Members of the Bank of Israel's Monetary Committee agree that Operation Pillar of Defense
did not have any far-reaching effects on the Israeli economy, according to protocols of the discussions held ahead of last month's decision to leave interest rates unchanged at 2%.
The committee members noted unanimously that the Gaza operation would have no effect on the economy's current and future growth rate, which is expected to remain unchanged at 3% per year.
They also agreed that the operation had no effect on the Israeli shekel's exchange rate or on the Stock Exchange, and that although the costs of fighting would require a one-time addition to the security budget, it would have no significant influence on the state budget.
It was also noted that at this stage, the Israeli government's debt repayments in the beginning of 2013 would likely be relatively low. Therefore, the committee members said, the shift to a temporary budget following the decision to move up the elections to January 2013 was not expected to have a moderating effect on the economy.

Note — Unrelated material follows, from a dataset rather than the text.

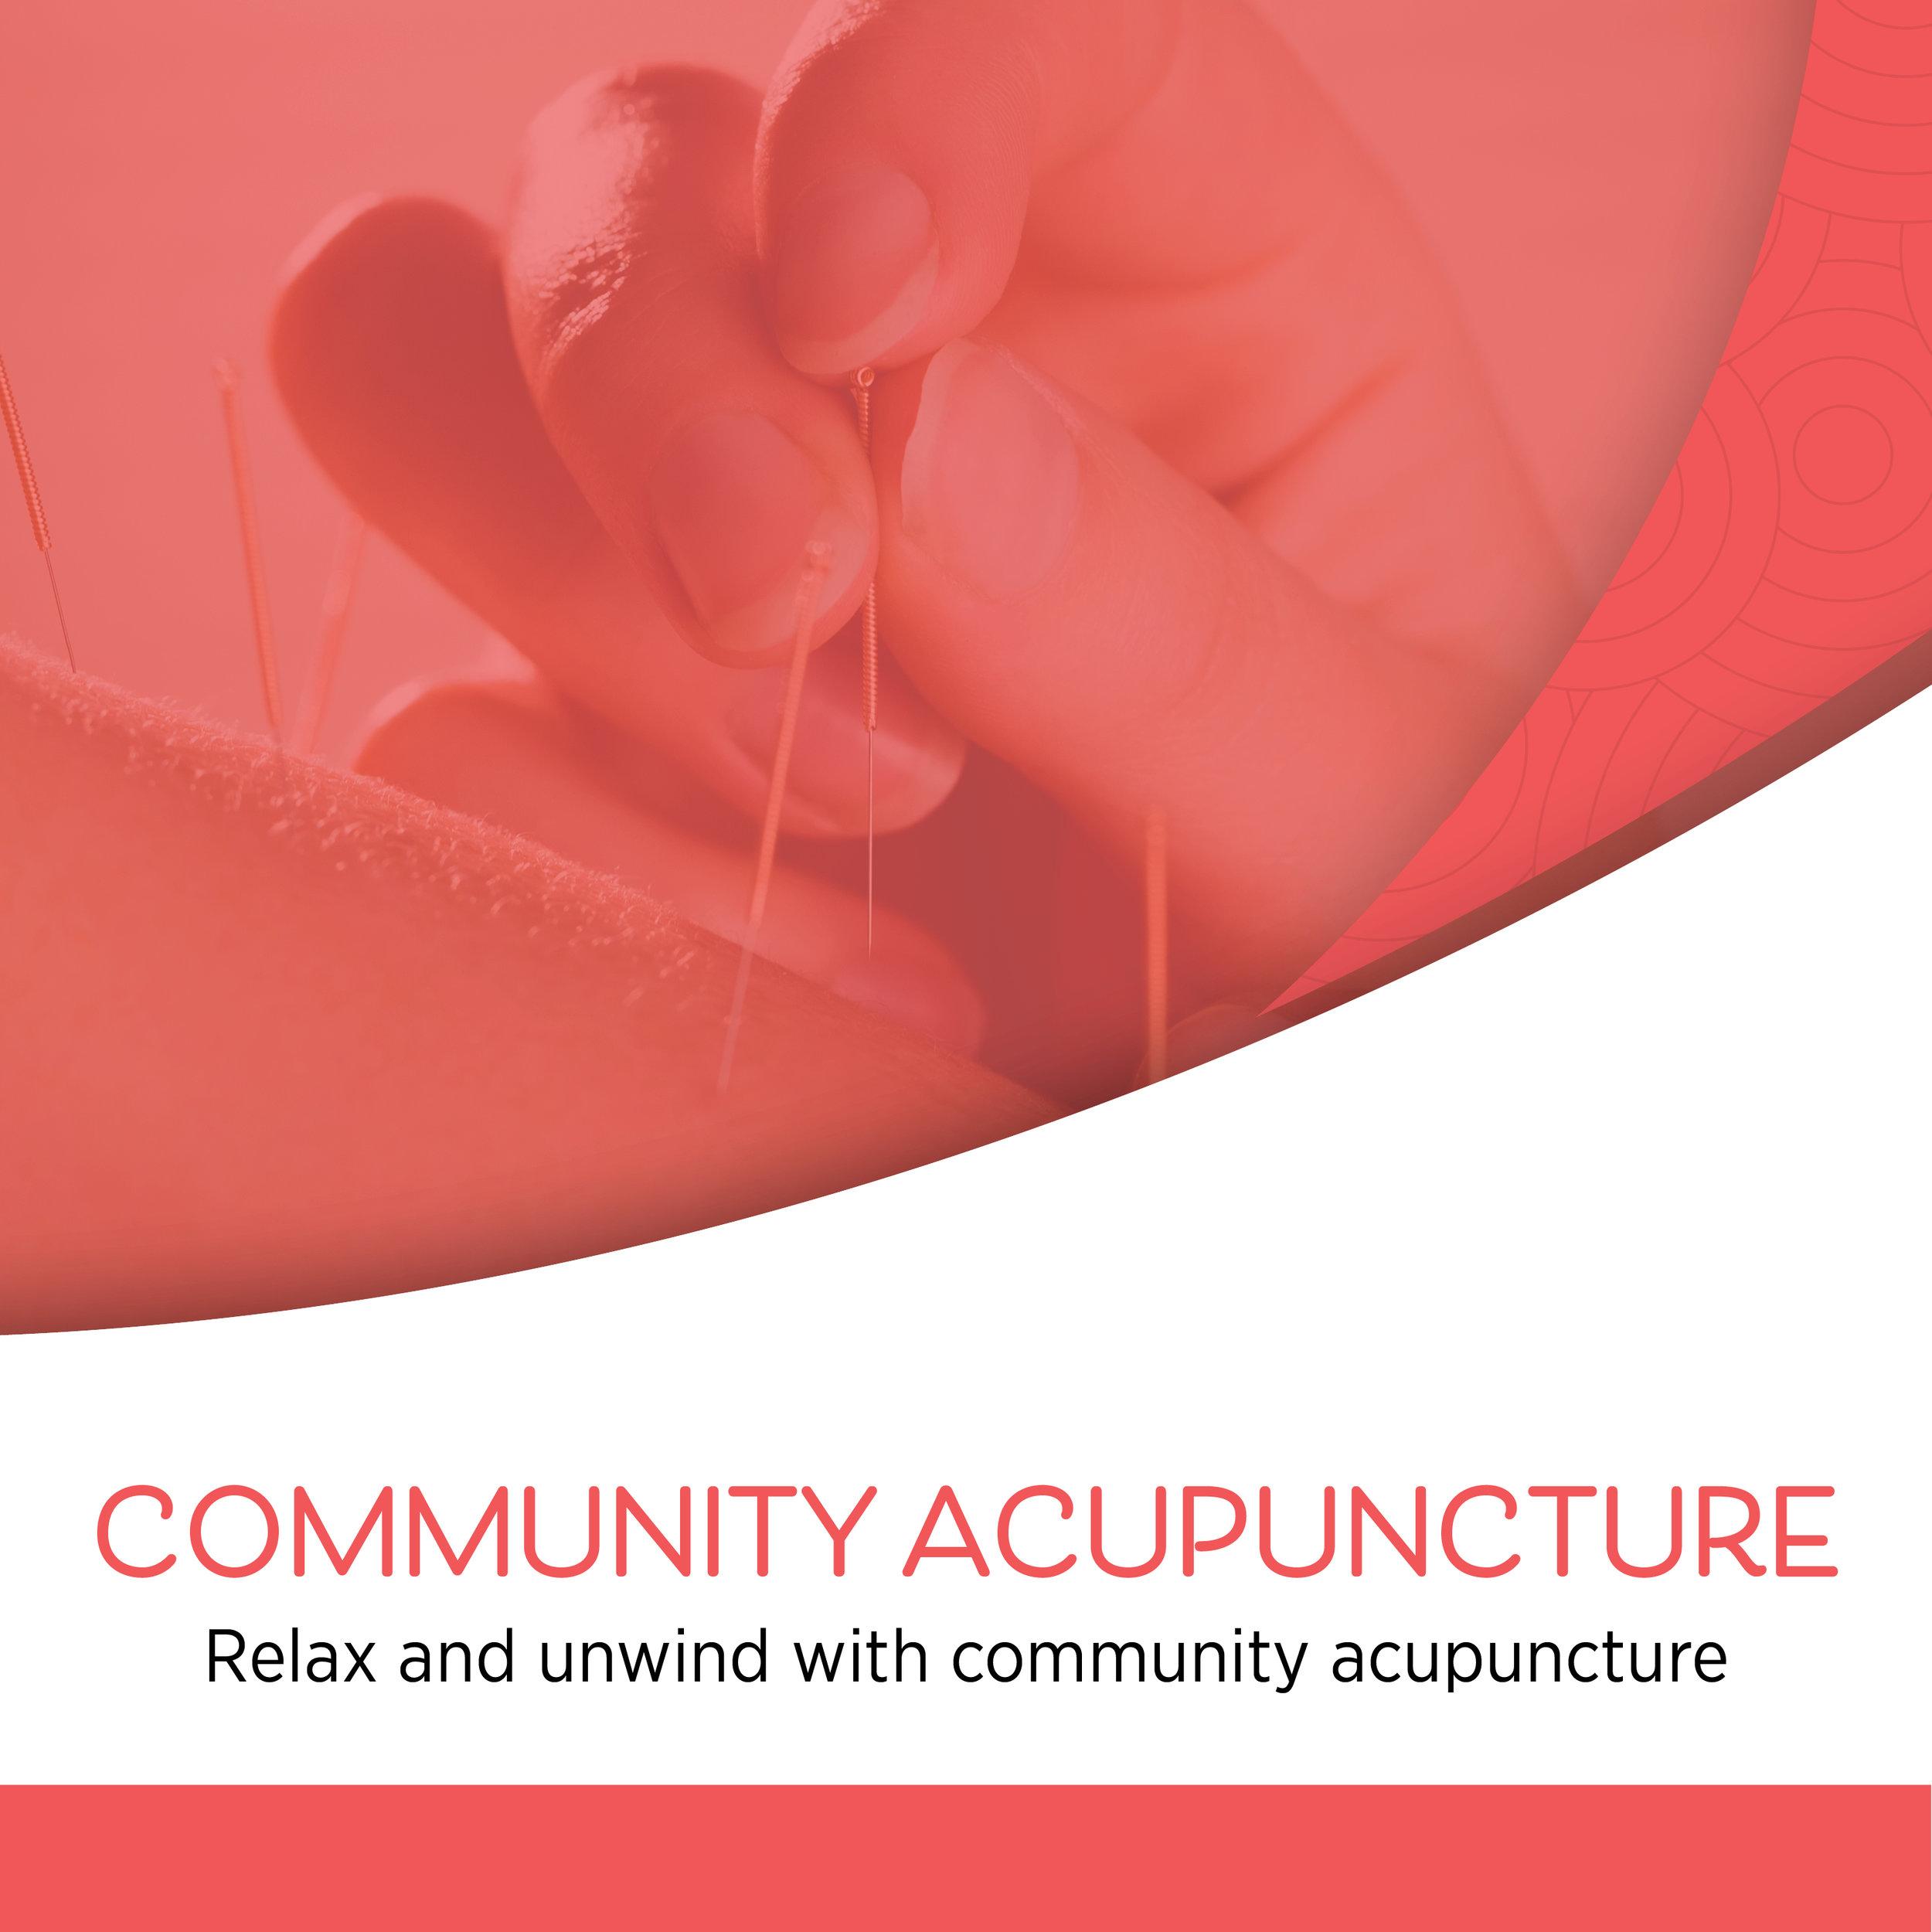 Haumea_2019_Event_Community Acupuncture_Web.jpg
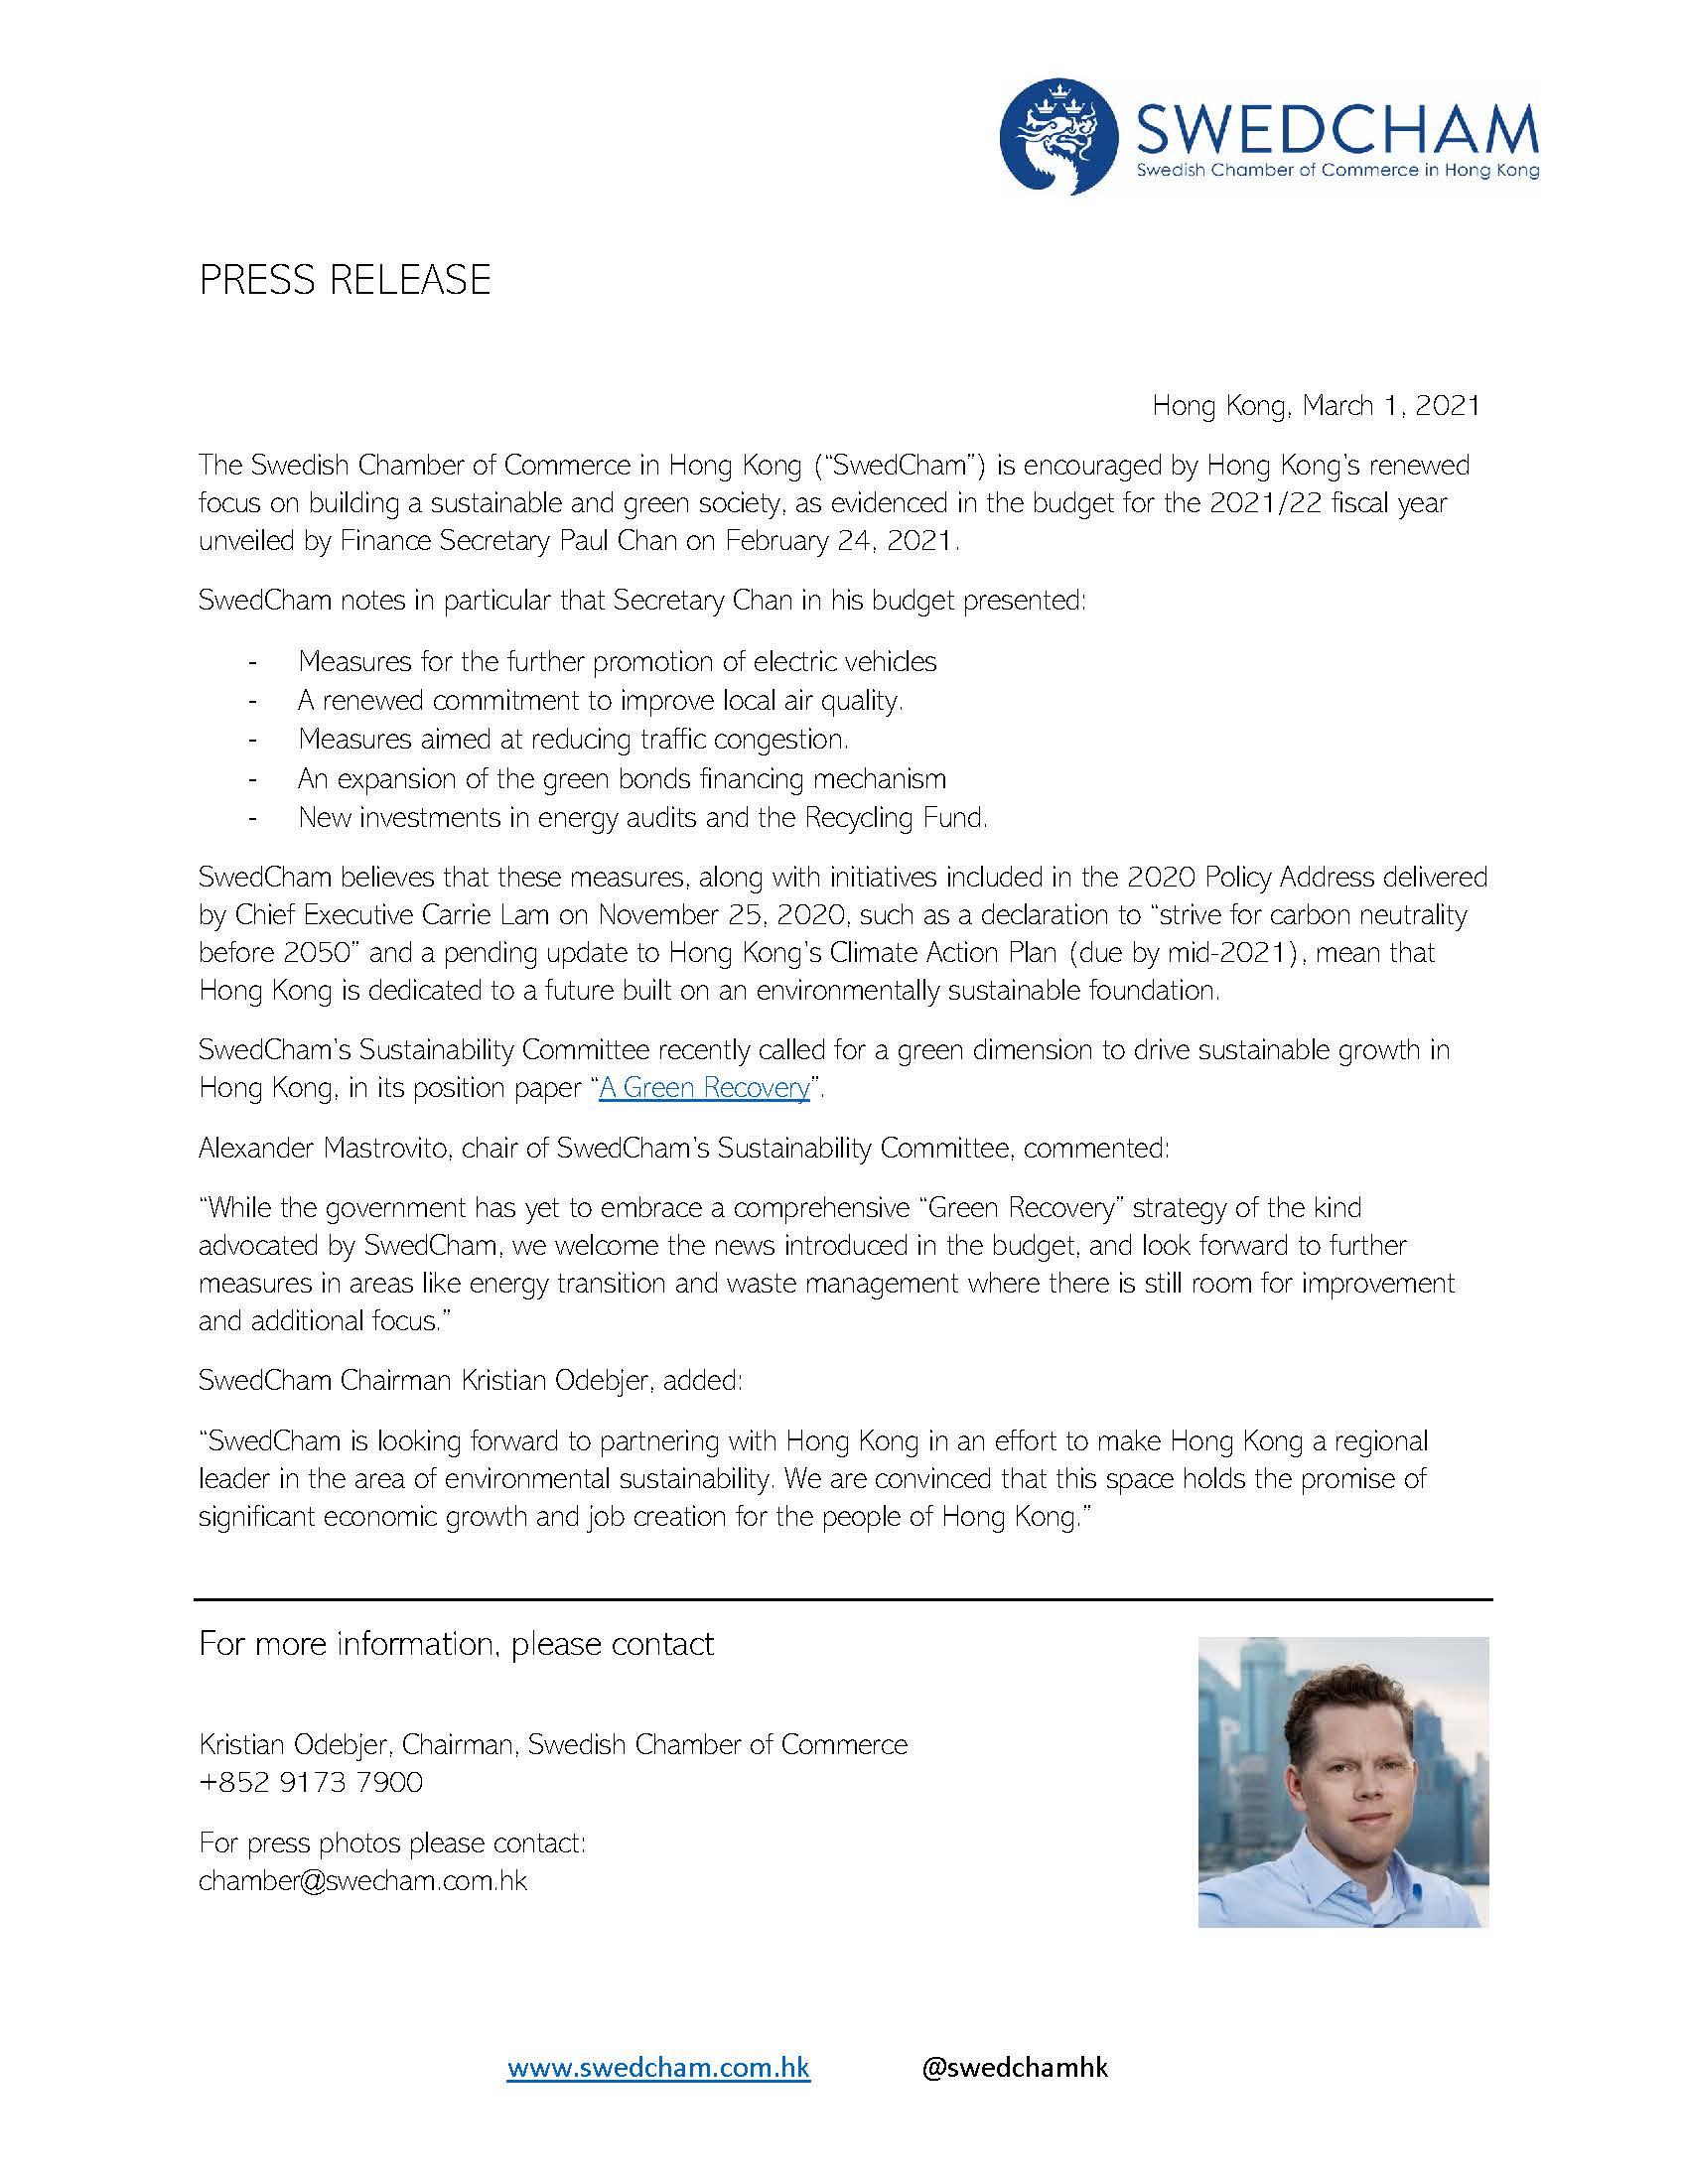 210301 PRESS RELEASE SwedCham Sust on HK budget

The committee members agreed that it was still premature to examine the affects of the Bank of Israel's recent decision in regards to the housing market – limiting mortgages to a certain percentage of the apartment's value.
The bank's Monetary Committee, which sets the monthly interest rate, is comprised of six members: Bank of Israel Governor Stanley Fischer, his deputy, his special monetary advisor, and three external members – Professors Reuven Gronau, Rafi Melnick and Alex Zuckerman.
The committee members vote on their decisions, and in case of a tie – the governor has the right to an additional vote.